» **Task item**
Range to output from the entries below: the line containing "Crowne Plaza Guangzhou" through the line containing "Kimono azul de Parfois. (Cortesía)". Set it down exactly, ends included, nothing else.

» **Given records**
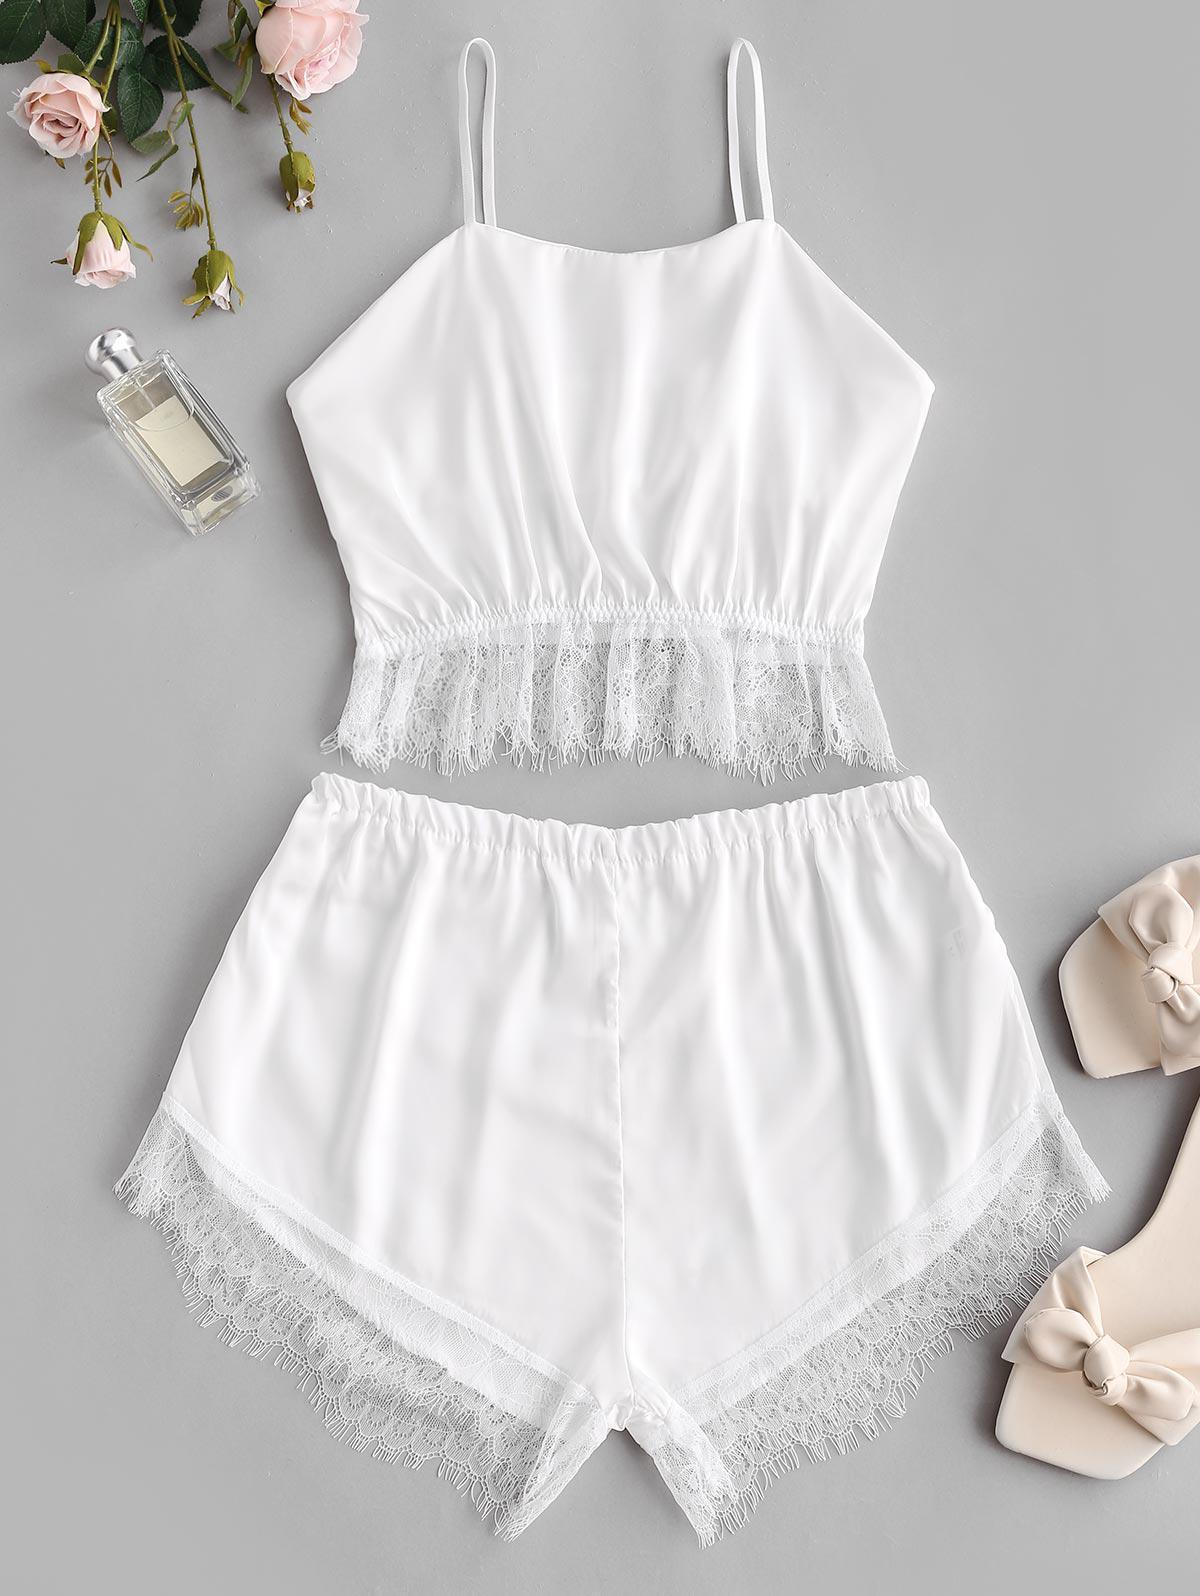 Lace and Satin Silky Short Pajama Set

* * *

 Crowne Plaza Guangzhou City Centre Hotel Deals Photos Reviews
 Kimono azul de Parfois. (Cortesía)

» **Response**
 Crowne Plaza Guangzhou City Centre Hotel Deals Photos Reviews
 Kimono azul de Parfois. (Cortesía)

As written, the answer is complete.